There were also reports that in the well spread out archipelago of 350,000 people Gayoom loyalists comprising of political leaders, bureaucrats and even some members of the judiciary had coagulated to pose difficulties to the President and the ruling Party, Maldivian Democratic Party (MDP). Allegations of corruption against the former leadership were rampant with mention of foreign bank accounts. Gayoom supporters are also accused of despatching a team to lobby support abroad including in UK and Sri Lanka.
The crisis intensified when the Maldives National Defence Force (MNDF) deployed armed personnel on July 14 taking Abdulla Yamin President of People’s Alliance (PA) and MP from Mulaku in protective custody away to Aarah Island after violent clashes between government and opposition supporters outside his home. Yamin was earlier arrested by police on charges of treason and bribery of parliamentarians. But the Supreme Court released the MP overruling a High Court warrant to hold him in 15 days house arrest.
President Nasheed claimed that he could not “take a risk on the safety of a political figure,” and therefore the custody of Mr Yamin half-brother of former President Maumoon Abdul Gayoom was necessary. Jumhoree Party (JP) MP Gasim Ibrahim, a high-profile businessman thought to be one of the wealthiest men in the Maldives and Deputy Speaker of the Majlis and PA Deputy leader Ahmed Nazim is also facing allegations of corruption concerning the judiciary, along with ruling party MP Mohamed Musthafa. They were however released by a criminal court ruling that current evidence was insufficient to warrant their detention.

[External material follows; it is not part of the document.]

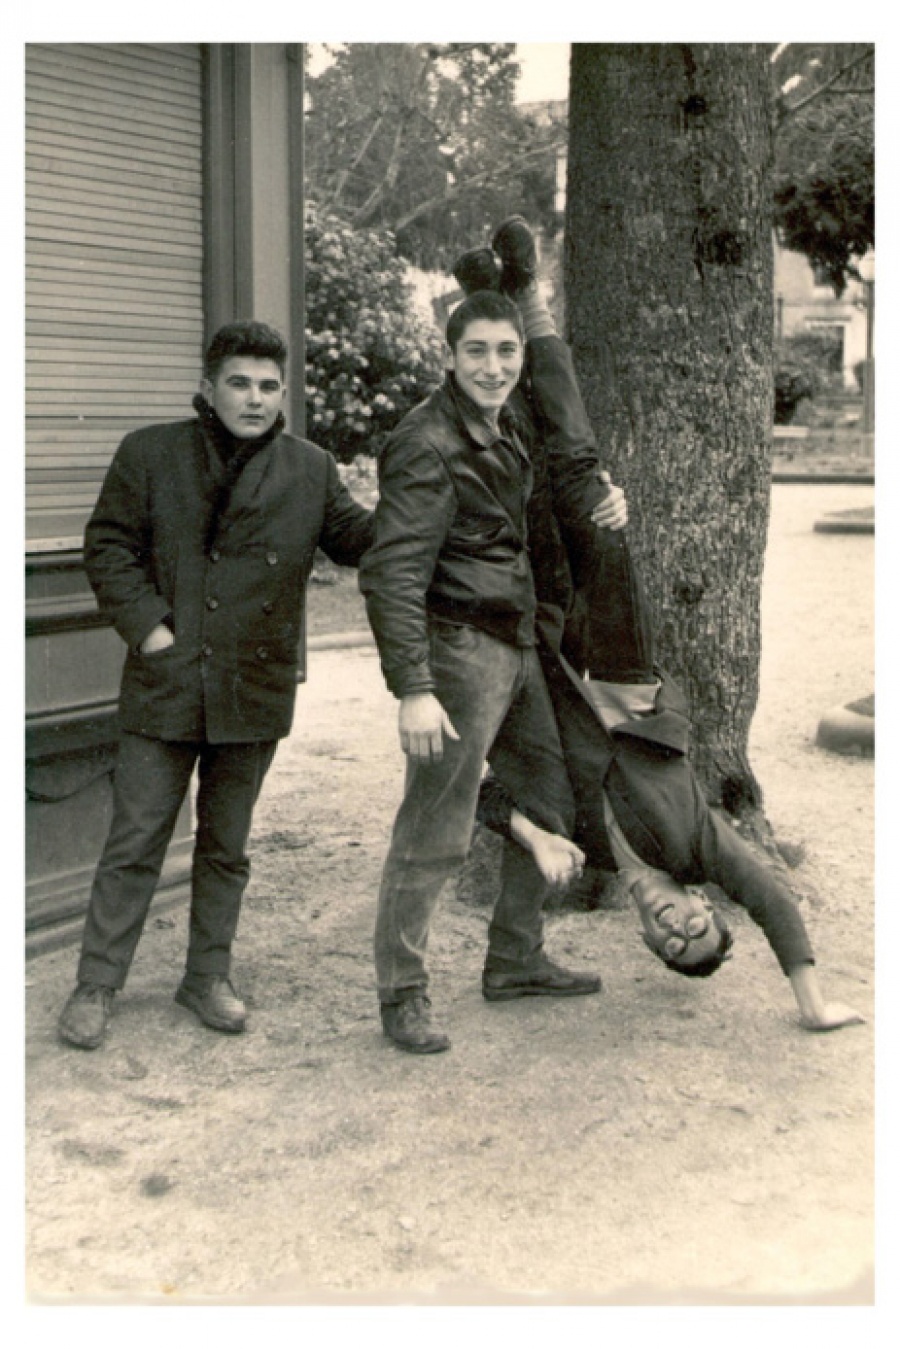 1965 - Haciendo el pino
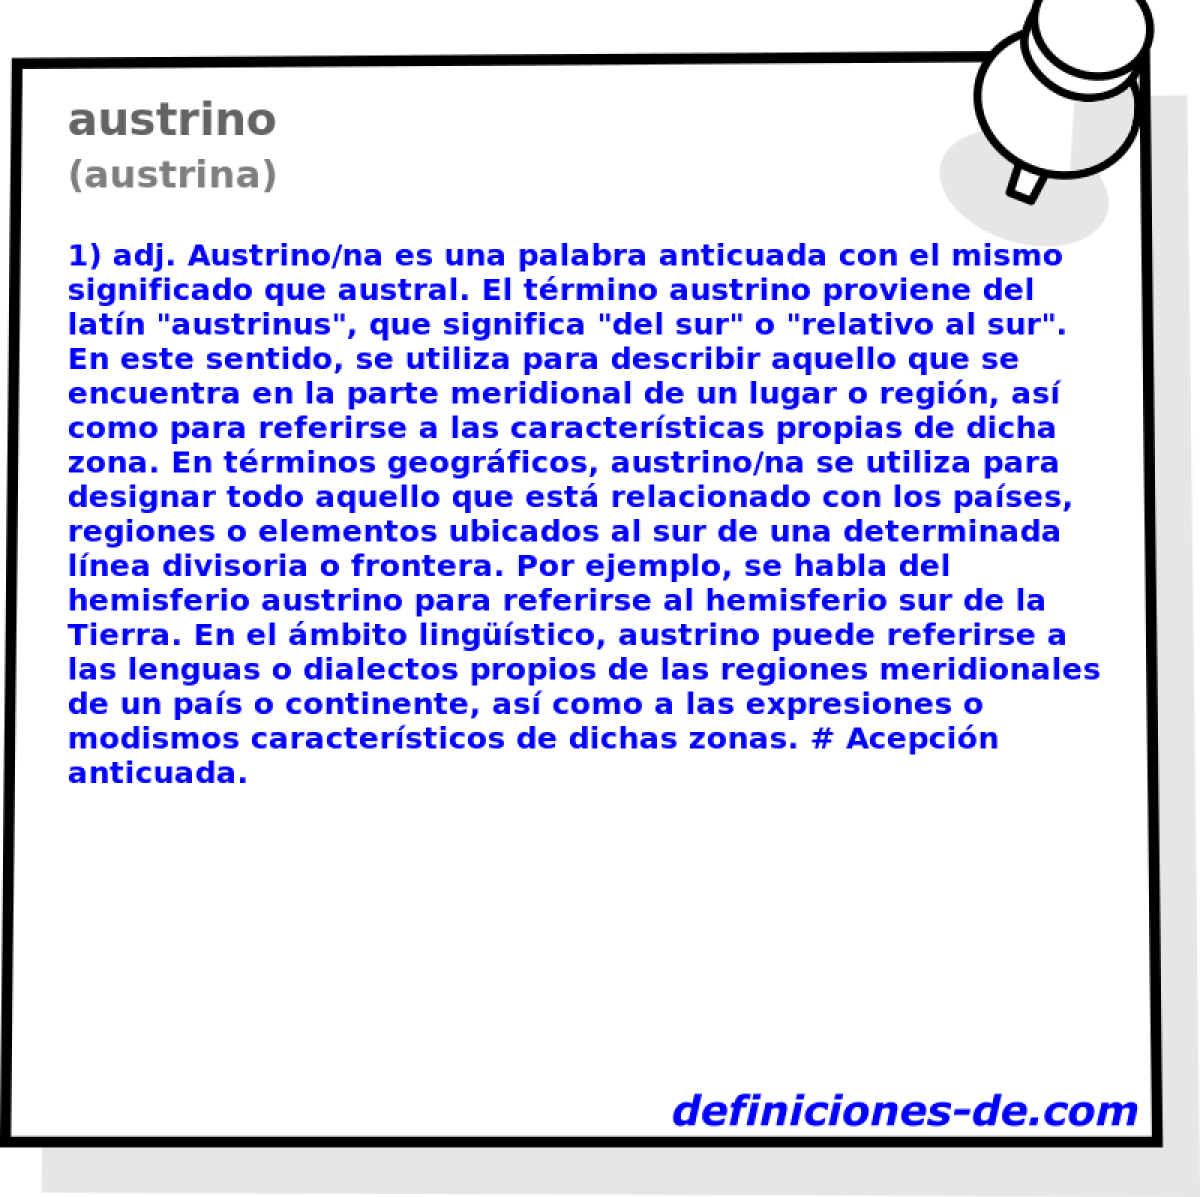 austrino (austrina)

Apart from a possible backlash from Gayoom loyalists who are alleged to be in all components of the state, the problems in Maldives arise from the presidential system. The presidential system is more prone to executive-legislative conflicts when two different parties, one holding power and another are in majority in the parliament. This leads to possible conflicts such as delays in legislation such as tax bills, posing no confidence motions, blocking welfare provisions which are seen to provide benefit to the ruling party led government and so on.
Continuance of political unrest in the country is reminiscent of other states which are making a transition to electoral democracy with the balance between the government and the parliament skewed as the country had opted for a Presidential system complicating the equations as the opposition DRP is in control of the Parliament and requires to pass all laws before these can be put into practice including the approval of the cabinet members.Is Maldives the most fledgling democracy in South Asia likely to go the way of political contests in other states such as Nepal and Bangladesh remains to be seen, for a constitutional crisis that arose in the beginning of the July has now been prolonged and may create the threat of subversion of the entire system and therefore there is a need for early resolution of the impasse?